IN THE FIRST DECADES OF THE 20TH CENTURY, the town of Crato, in the Cariri region [in the south of the state of Ceará, Northeast of Brazil], was a center radiating culture for the modernization of the entire region, with its imposing architecture, leafy squares and the iconic Crato Market, which brought together singers, the cordelistas [writers and illustrators of the typical woodcut story books of the Northeast], engravers, crafts and popular portraiture. The music of Luiz Gonzaga eternalized Crato in the northeastern imaginary, above all between the states of Ceará and Pernambuco, and the culture of the street market, with its multiplicity of relationships, aromas, flavors and images, impregnated the so-called “Cratinho de Açúcar” [Little Sugary Crato].
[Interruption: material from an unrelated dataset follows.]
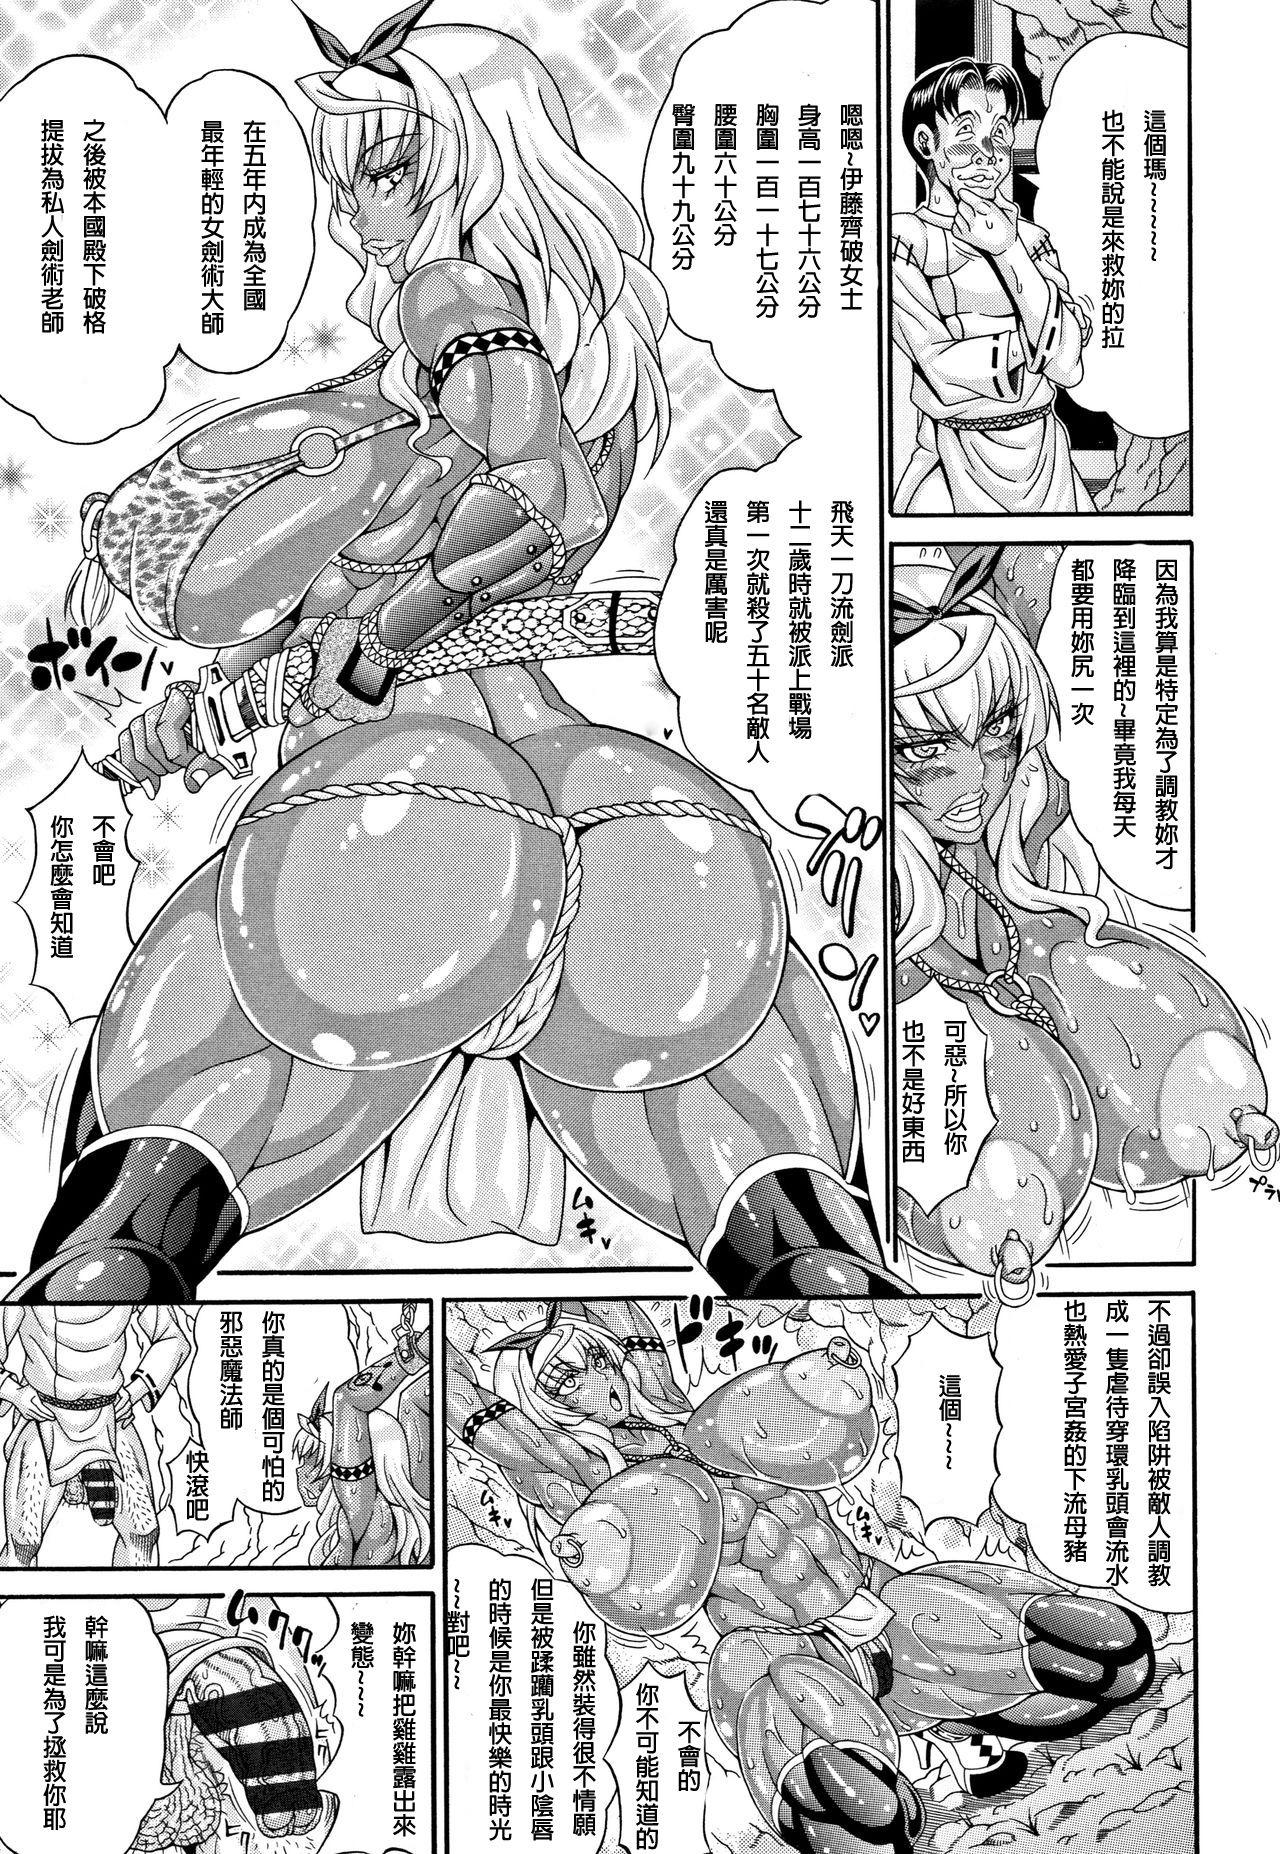 Mahoutsukai Musou 2

Telma’s father, Júlio Saraiva, was born in Crato in 1895. He was an entrepreneur and pioneered the manufacture in the region of handmade decorated cement tiles with his company Mosaicos Leão. He was also an urban technitian who worked with various town administrations. He was an assiduous reader and so fascinated by cinema and photography that he built his first camera himself. He started by photographing houses and markets, until he opened the first photographic studio in the town – J. Saraiva Photo – and then, as the business expanded, Photo Riso. At that time, the town had no electricity, so it was necessary to use mirrors, curtains and natural light to photograph. Júlio Saraiva married Maria Passos Arraes – Dona Mirou –, who soon became an active participant in the work of the studio, mastering the technical processes of developing and copying, besides helping out in the darkroom. Dona Mirou is considered the first female professional photographer in Ceará.
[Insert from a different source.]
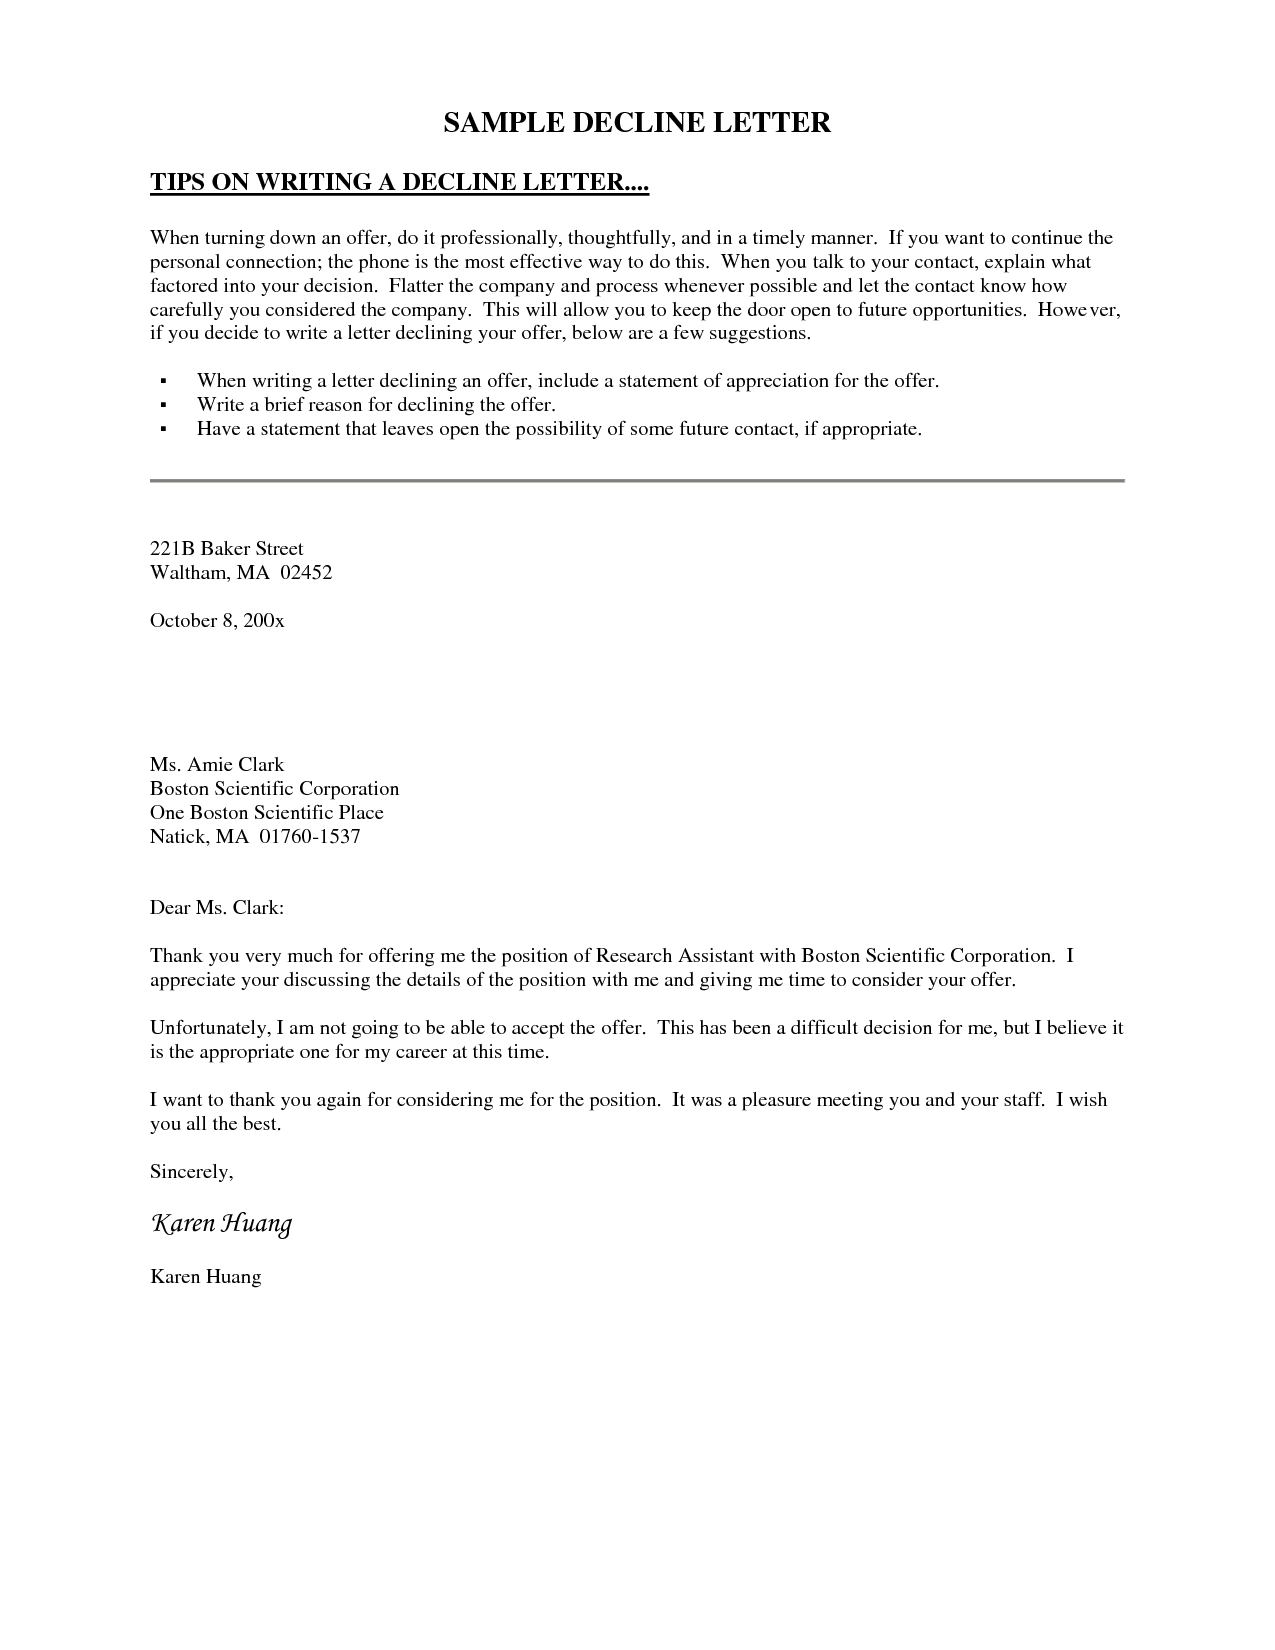 consent for non-government school applicants

The couple had two children – Salviano Arraes Saraiva and Maria Telma Arraes Saraiva, who was named in honor of the American actress Thelma Todd. From an early age, Telma’s father took her to the movie theatres, telling her that she had to learn how to read quickly. However, it was the movie stars who fascinated the girl: in the words of Telma: “I saw my father taking those photographs and started dreaming about drawing the actors. I collected issues of a magazine full of photographs of the movie stars and put together a sketchbook, already copying my father when painting the photos. I would scrape the cores of colored pencils to make a powder I could use to imitate pastel paints. I had a complete album of these drawings. That’s when I started to want to take photos myself. I dressed up for the artists and wanted to be one of them.” 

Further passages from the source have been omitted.